Reseña del libro de Anna Reid, Leningrad: Tragedy of a City Under Siege, 1941-44 (Leningrado: tragedia de una ciudad bajo asedio. Bloomsbury, 512 pp.).

Quien actualmente conduce desde el Aeropuerto Pulkovo hacia San Petersburgo, pasa por un enorme monumento recordatorio del sitio de Leningrado al borde de la ciudad. Un vasto obelisco tiene por delante filas de soldados y obreros, hombres y mujeres que se dirigen marchando sin temor en dirección a la primera línea de batalla a pocos kilómetros al sur. Erigido a inicios de los años setenta, el monumento simboliza una soviética y ahora en gran medida rusa versión inalterada de los generosos y unidos blokadniki [sobrevivientes] que defendieron a su sitiada ciudad. Leningrado: tragedia de una ciudad bajo asedio no busca borrar completamente esta poderosa historia de heroísmo, sino que sostiene que la realidad del sitio fue mucho más complicada y ambigua. En una magistral narración de esa historia a la vez inspiradora y sobrecogedora, Reid reconstruye las vidas de aquellos atrapados en uno de los conflictos claves de la Segunda Guerra Mundial y una de las más grandes tragedias  humanas del siglo veinte.

El sitio no necesitaba ser tan devastador. El liderazgo soviético había sido cogido por sorpresa por la velocidad del violento avance del Grupo del Ejército Norte a través del Báltico, y no pudo coordinar una evacuación adecuada de la ciudad durante la crucial ventana de oportunidad de agosto de 1941, antes de que se acercara la Wehrmacht. Reid sostiene que aunque la responsabilidad directa por la muerte en masa está en los alemanes, su poder letal fue magnificado por la “incapacidad de aceptar la realidad, la desorganización y la despreocupación por la vida humana que mostraron los soviéticos”.

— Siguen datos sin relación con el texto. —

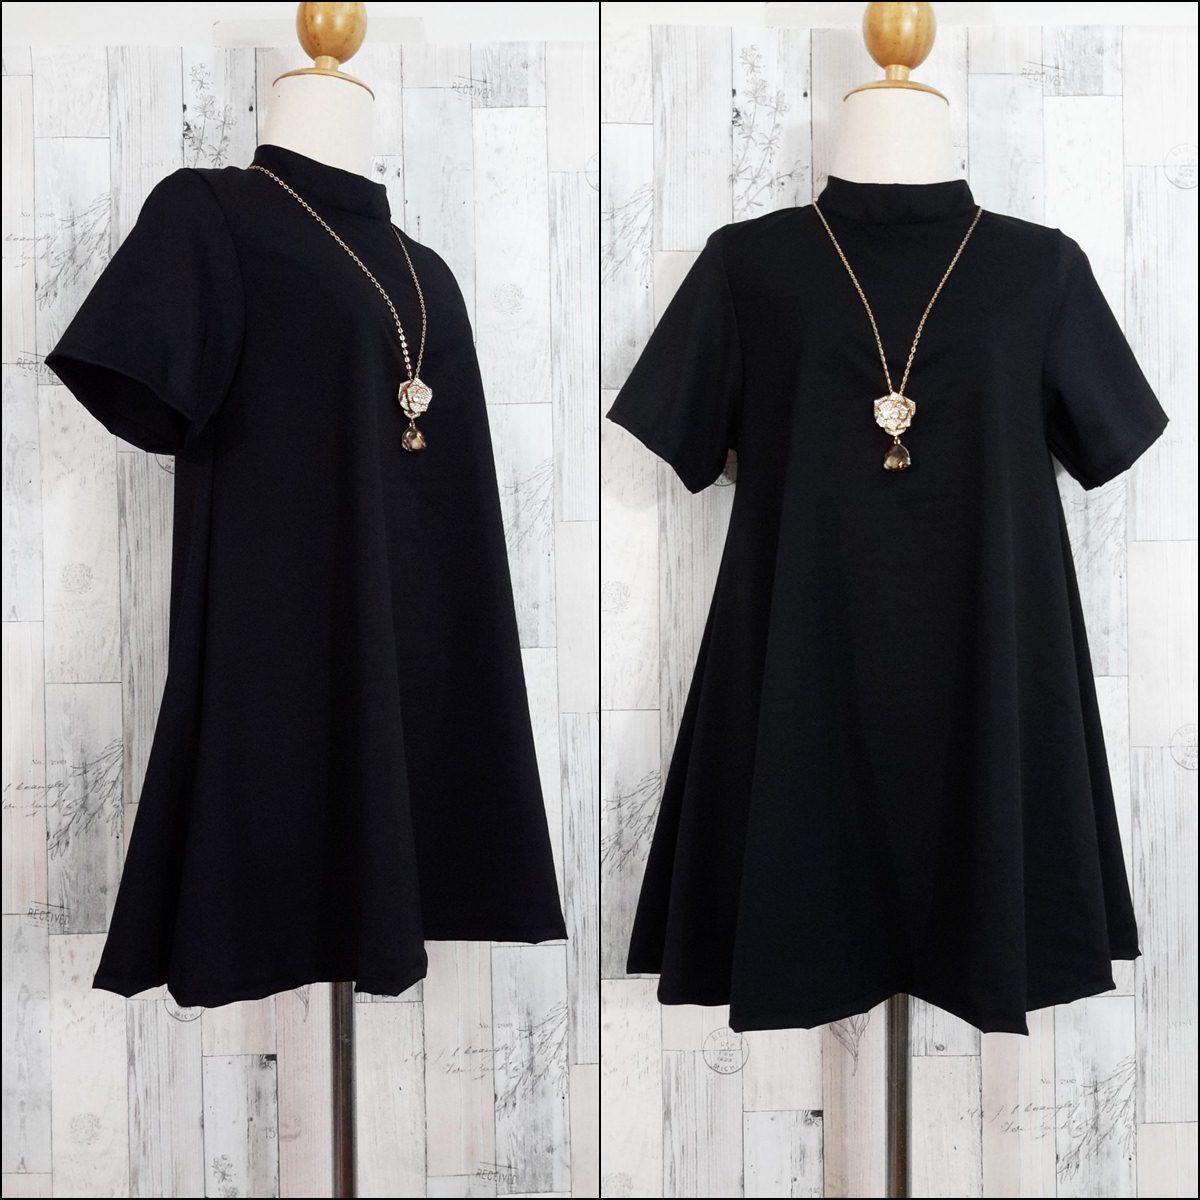 Dress3609 ชุดเดรสแฟชั่นทรงปล่อยใส่สบาย มีซิปหลังใส่ง่าย ผ้าไหมอิตาลีสีพื้นดำ งานดีผ้านุ่มใส่สบาย

Al desechar un costoso asalto frontal contra la ciudad, los alemanes fríamente se dispusieron a la tarea de cercarla por hambre, no solamente hasta la sumisión sino hasta la muerte. Reid es clara en cuanto a que la muerte masiva por hambre misma, fue un objetivo declarado, no un desafortunado resultado de una estrategia militar más amplia. Los ataques aéreos y la artillería alemanes apuntaron a los suministros de agua de la ciudad y a los almacenes de alimentos con la intención deliberada de “librarnos de la necesidad de alimentar a la población... durante el invierno”. Las cifras crudas desafían la imaginación. Cuando la última ruta hacia la ciudad fue cortada el 8 de septiembre de 1941, había aproximadamente 3.3 millones de bocas que alimentar, con suficientes alimentos como para durar un mes. La ciudad fue bloqueada por dos años y medio, y para enero de 1944 aproximadamente 750,000 habían muerto de hambre, cuatro veces más muertes que las resultantes de los bombardeos de Hiroshima y Nagasaki juntos.

Cuando la hambruna empezó a arraigarse, las autoridades encontraron fuentes desesperadas e ingeniosas de calorías. Por ejemplo, moldes hechos con semilla de linaza encontrados en los patios de carga, ordinariamente usados como alimento del ganado, fueron usados para hacer macarrones “grises”. El sistema de racionamiento se convirtió en “la clave del destino de una persona durante el sitio, la plantilla básica sobre la que se desenvolvía la vida”, y estaba atado a la productividad, un sistema probado (sin éxito) en el Gulag: “tendía a preservar (solo) las vidas de aquellos vitales para la defensa de la ciudad —soldados y obreros industriales— y a condenar a muerte a empleados de oficina, ancianos, desempleados y niños”. Para octubre de 1941, a un “dependiente” —un niño de entre doce y catorce años o una madre “no trabajadora” (en la práctica una mujer que cada día pasaba horas haciendo cola para el pan y acarreando combustible y agua)— se le permitía tan solo 250 gramos de pan diarios. El sobrenombre para la tarjeta de racionamiento de un dependiente era smertnik, de la palabra rusa para la muerte, smert.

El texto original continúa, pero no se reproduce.